Brooke Greenberg, a 20-year-old Maryland resident, is amazingly the size of a preschooler.
Weighing just four pounds at birth, she suffered from a condition known as anterior hip dislocation, which caused her legs to swivel up toward the shoulders.
Although surgeons corrected the problem, during the next six years she suffered many medical emergencies that included a stroke, seven perforated ulcers, and a brain tumor that simply disappeared on its own, baffling her doctors.
When she was approximately five years old, Brooke simply ceased growing. Growth hormones had no effect on her condition. Dr. Richard Walker, an endocrine physiology specialist at the University of South Florida’s College of Medicine, eventually determined that Brooke’s condition is because her central control genes failed. Doctors termed the ailment “Syndrome X.”
The condition is so rare that only two others suffer from it: Nicky Freeman, a 40-year-old man in Australia who looks to be about four, and Gabrielle Williams in Montana, who is six-years-old, but still the size of an infant.

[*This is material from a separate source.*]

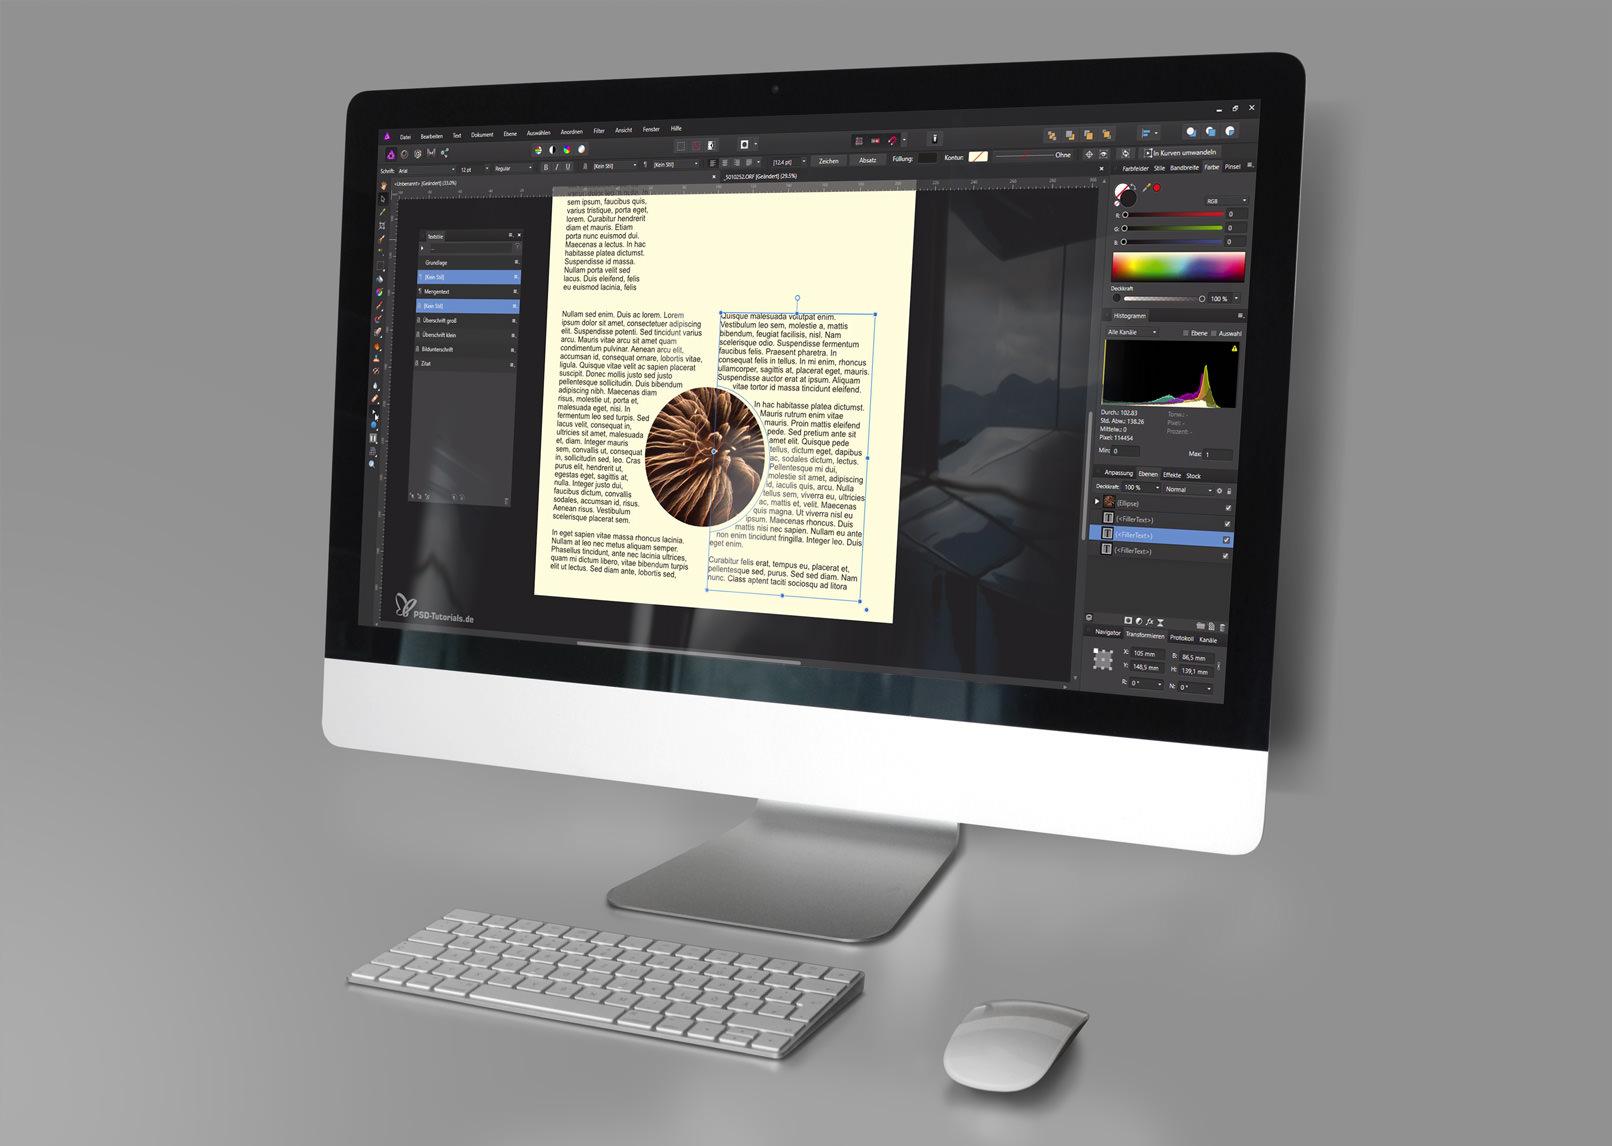 Affinity Photo bietet dir auch zahlreiche Möglichkeiten zur Textbearbeitung – lerne sie mit diesen Tutorials kennen!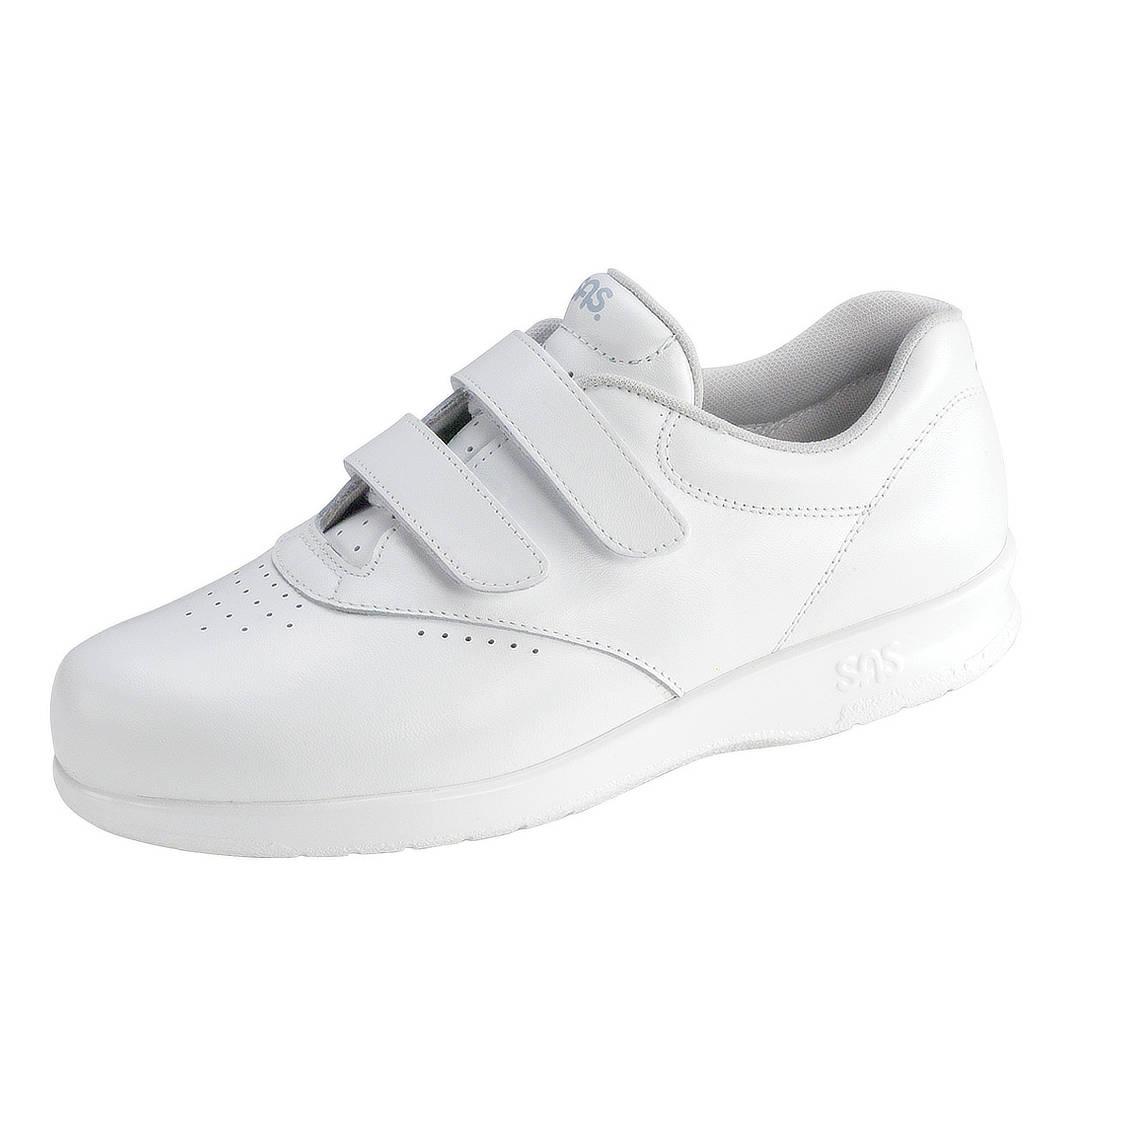 sas-womens-me-too-white-1580-001-2

Brooke Greenberg’s condition has remained unchanged since she first developed the syndrome. She still rides in a stroller, wears diapers, and must be cared for as if she really were a toddler. When a stranger asks her mother how old Brooke is, tells them her true age, but substitutes the word months for years (as in, 20-months¬-old, rather than 20-years-old); however, because she continues to incite global attention, her anonymity may be short-lived.
Although scientists have yet to isolate the defective genes that cause Syndrome X, they believe that if they can locate and study the genes, they might hold the key to extending youth or even our lifespan.